Re: 8.5alpha3 hot standby crash report (DatabasePath related?)

From
Simon Riggs
Date:
On Thu, 2010-01-07 at 16:05 -0500, Tom Lane wrote:
> Robert Treat <xzilla@users.sourceforge.net> writes:
> > Doing some testing with 8.5alpha3, my standby crashed this morning whilst 
> > doing some testing. Seems I have a core file, so thought I would send a report.
> 
> Hmm.  Looks like it's crashing because DatabasePath is not set yet.
> We could probably kluge around that by having this function return
> without doing anything if DatabasePath is null, but I wonder if this
> doesn't indicate that things are being done in the wrong order.
> If DatabasePath isn't set, then there's a whole lot of other
> infrastructure that's not good either:

OK, I think I see this now. Will fix.

-- Simon Riggs           www.2ndQuadrant.com



Re: 8.5alpha3 hot standby crash report (DatabasePath related?)

From
Robert Treat
Date:
On Jan 7, 2010, at 4:15 PM, Simon Riggs wrote:

> On Thu, 2010-01-07 at 14:41 -0500, Robert Treat wrote:
>
>> Doing some testing with 8.5alpha3, my standby crashed this morning  
>> whilst
>> doing some testing. Seems I have a core file, so thought I would  
>> send a report.
>>
>> Version: PostgreSQL 8.5alpha3 on i386-pc-solaris2.10, compiled by  
>> GCC gcc
>> (GCC) 3.4.3 (csl-sol210-3_4-branch+sol_rpath), 32-bit
>>
>> Error in the log was simply this:
>> LOG:  restored log file "000000010000000300000032" from archive
>> LOG:  startup process (PID 385) was terminated by signal 11
>> LOG:  terminating any other active server processes
>
> Please send some more of the prior log, so we can tell the
> initialization state at that point.
>

Not much more to send really. It's just "restored log file" lines  
going back to the startup (as expected)

> If you can reproduce it, that would help also. Thanks.
>

Not sure about reproducing, but if I restart the database, it crashes  
again during log replay (stack trace info looks the same).

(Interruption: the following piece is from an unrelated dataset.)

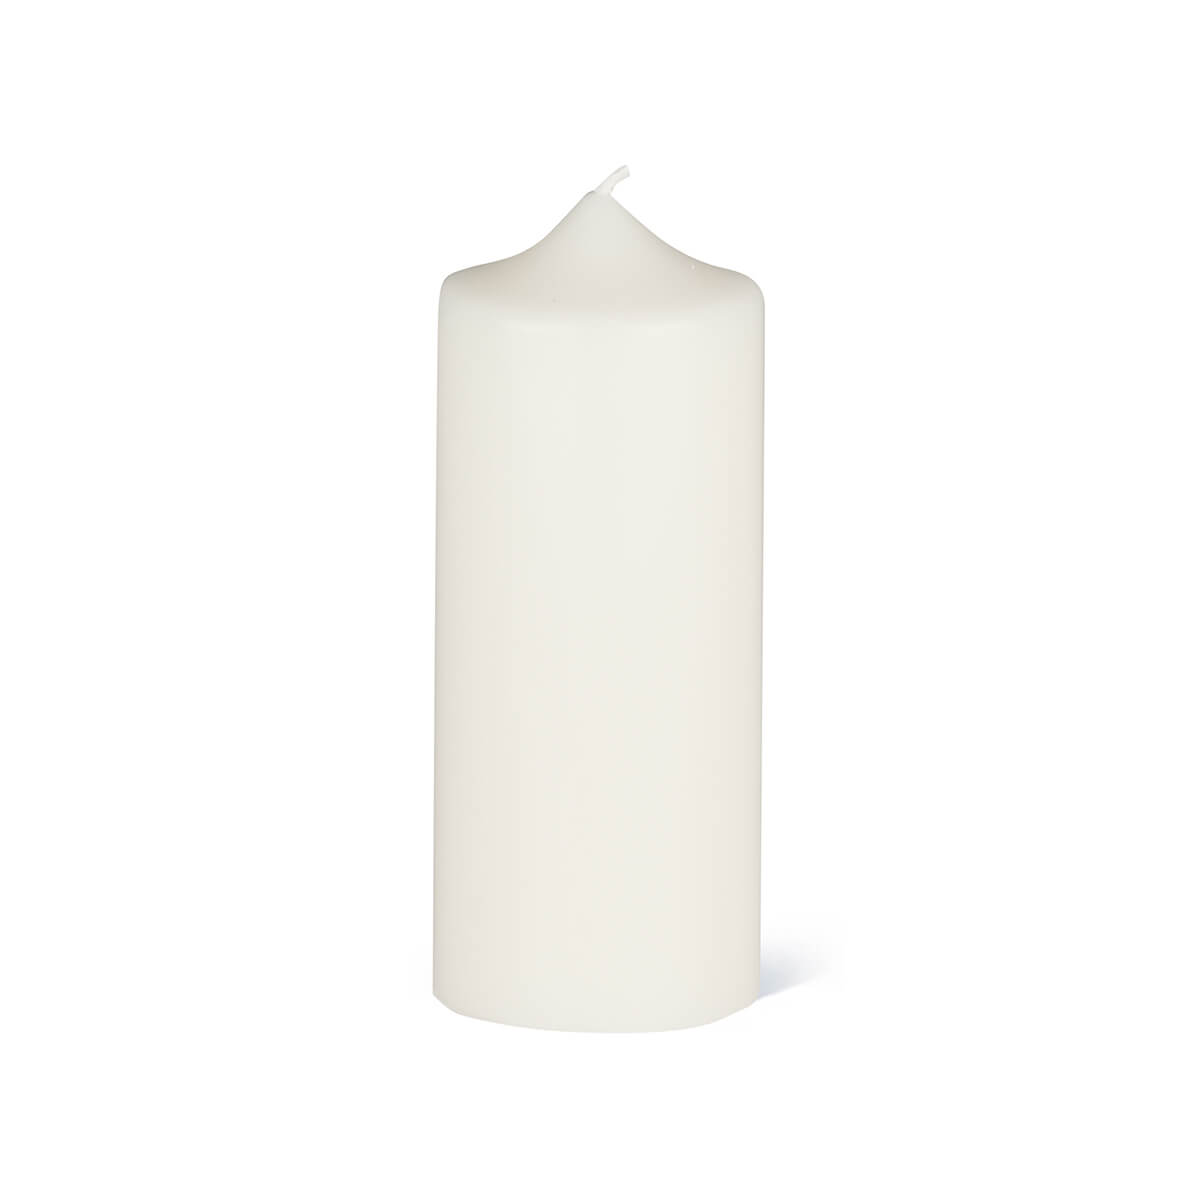 Giessform für Kerzen - Zylinder 185/70 mm

LOG:  database system was interrupted while in recovery at log time  
2010-01-07 12:01:57 EST
HINT:  If this has occurred more than once some data might be  
corrupted and you might need to choose an earlier recovery target.
LOG:  starting archive recovery
LOG:  restore_command = '/export/home/postgres/pgwork/inst/slave/bin/ 
pg_standby /export/home/postgres/pgwork/data/.hot_standby %f %p %r'
cp: cannot access /export/home/postgres/pgwork/data/.hot_standby/ 
00000001.history
cp: cannot access /export/home/postgres/pgwork/data/.hot_standby/ 
00000001.history
cp: cannot access /export/home/postgres/pgwork/data/.hot_standby/ 
00000001.history
cp: cannot access /export/home/postgres/pgwork/data/.hot_standby/ 
00000001.history
LOG:  restored log file "00000001000000030000002A" from archive
LOG:  automatic recovery in progress
LOG:  initializing recovery connections
LOG:  redo starts at 3/2A000020, consistency will be reached at  
3/2D000120
LOG:  restored log file "00000001000000030000002B" from archive
LOG:  restored log file "00000001000000030000002C" from archive
LOG:  restored log file "00000001000000030000002D" from archive
LOG:  consistent recovery state reached at 3/2D000120
LOG:  database system is ready to accept read only connections
LOG:  restored log file "00000001000000030000002E" from archive
LOG:  restored log file "00000001000000030000002F" from archive
LOG:  restored log file "000000010000000300000030" from archive
LOG:  restored log file "000000010000000300000031" from archive
LOG:  restored log file "000000010000000300000032" from archive
LOG:  startup process (PID 4397) was terminated by signal 11
LOG:  terminating any other active server processes

--
Robert Treat
http://www.omniti.com/


Re: 8.5alpha3 hot standby crash report (DatabasePath related?)

From
Simon Riggs
Date:
On Thu, 2010-01-07 at 16:56 -0500, Robert Treat wrote:

> Not much more to send really. 

No problem. I can see what causes it, nothing more required, thanks.
What I don't fully understand yet is why the error hasn't shown itself
before, because it appears such a basic error.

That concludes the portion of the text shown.